Personal information
- Full name: Gordon Murray Smith
- Born: 3 April 1949 (age 77) Glasgow, Lanarkshire, Scotland
- Batting: Right-handed
- Bowling: Right-arm fast-medium

Domestic team information
- 1980: Scotland

Career statistics
| Competition | List A |
| Matches | 3 |
| Runs scored | 0 |
| Batting average | – |
| 100s/50s | –/– |
| Top score | 0* |
| Balls bowled | 72 |
| Wickets | 0 |
| Bowling average | – |
| 5 wickets in innings | – |
| 10 wickets in match | – |
| Best bowling | – |
| Catches/stumpings | –/– |
- Source: Cricinfo, 1 July 2022

= Gordon Smith (cricketer) =

Scottish cricketer and educator

Gordon Murray Smith (born 3 April 1949) is a Scottish former cricketer and educator.

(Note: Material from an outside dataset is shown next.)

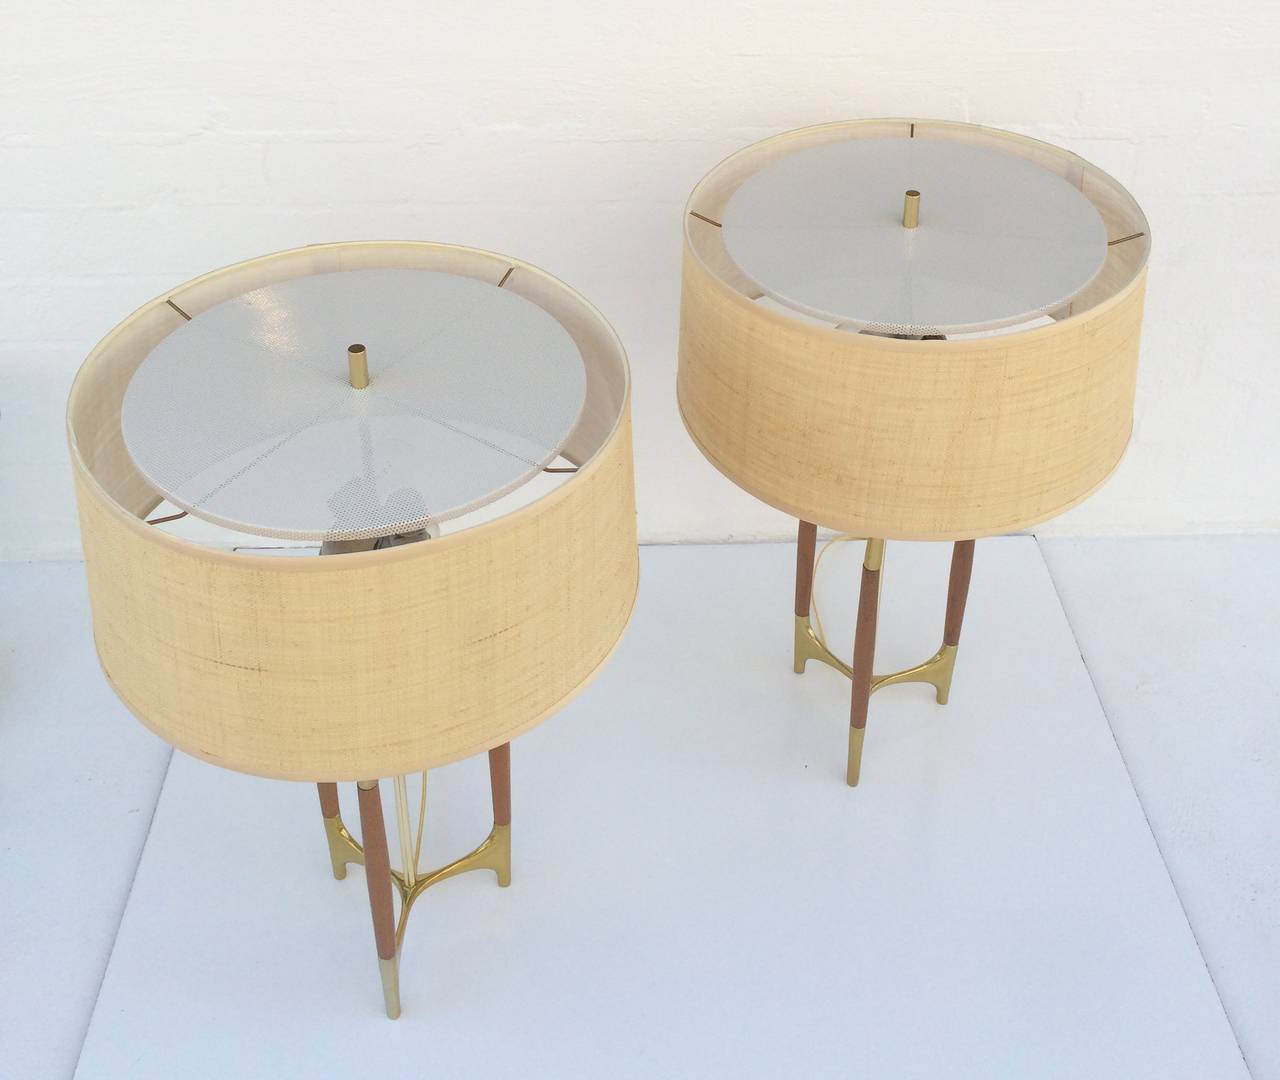 American Brass and Walnut Tables Lamps Designed by Gerald Thurston for Lightolier
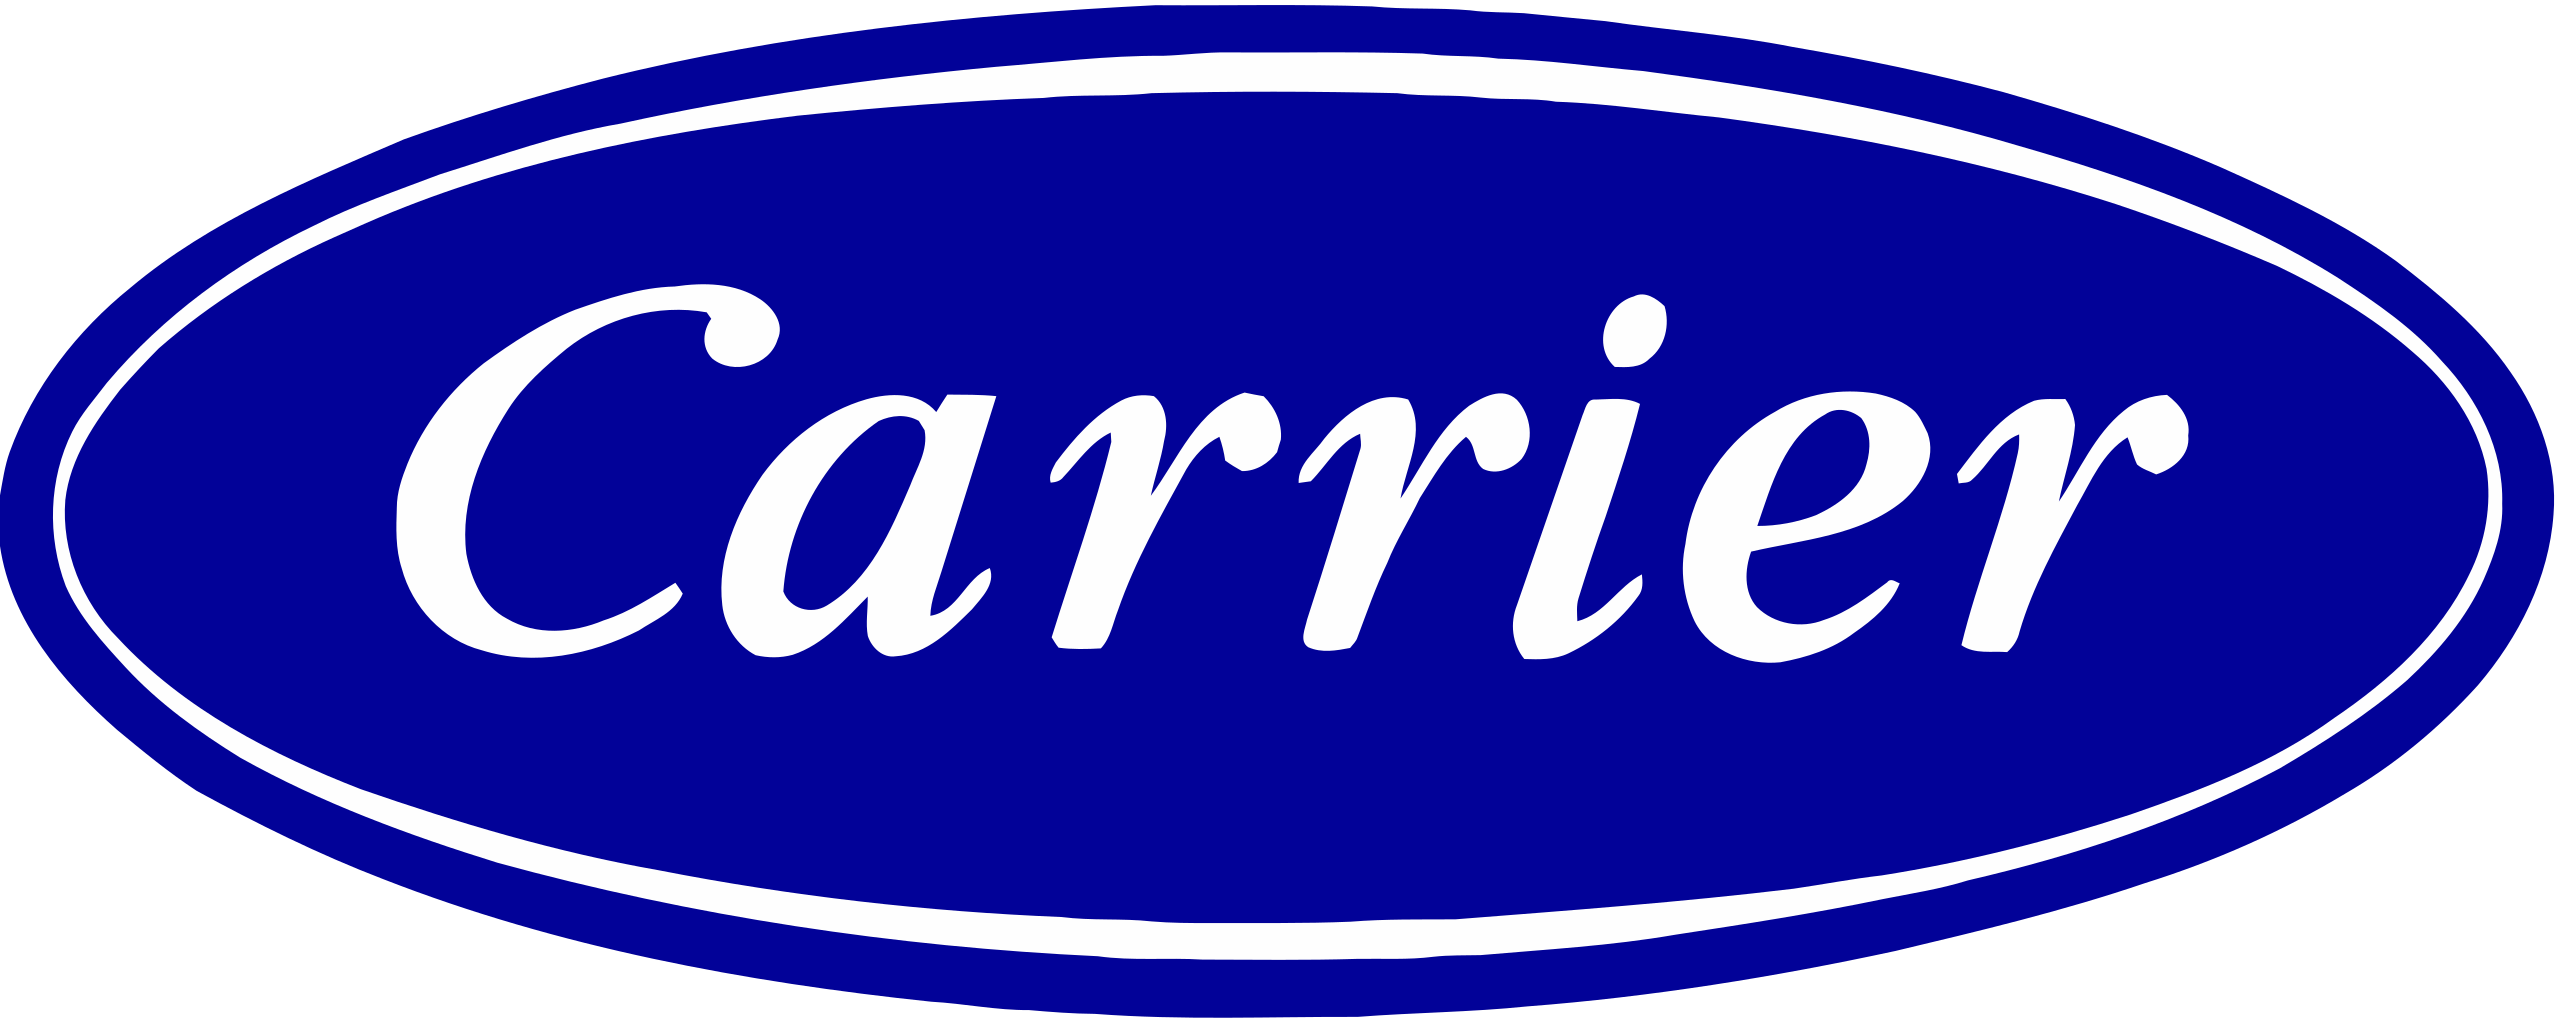 Carrier logo in white cursive against blue background with white trim.

Smith was born at Glasgow in April 1949 and later studied at Jordanhill College. A club cricketer for the West of Scotland Cricket Club, Smith played in three List A one-day matches for Scotland in the 1980 Benson & Hedges Cup, making his debut at Glasgow against Leicestershire in what was Scotland's inaugural List A match; his following two appearances came against Derbyshire at Glasgow, and Lancashire at Old Trafford. As a bowler in the Scottish side, Smith struggled against first-class county opposition, going wicketless in his three matches. Outside of cricket, Smith was by profession a schoolteacher. In 2012, he was president of the West of Scotland Cricket Club.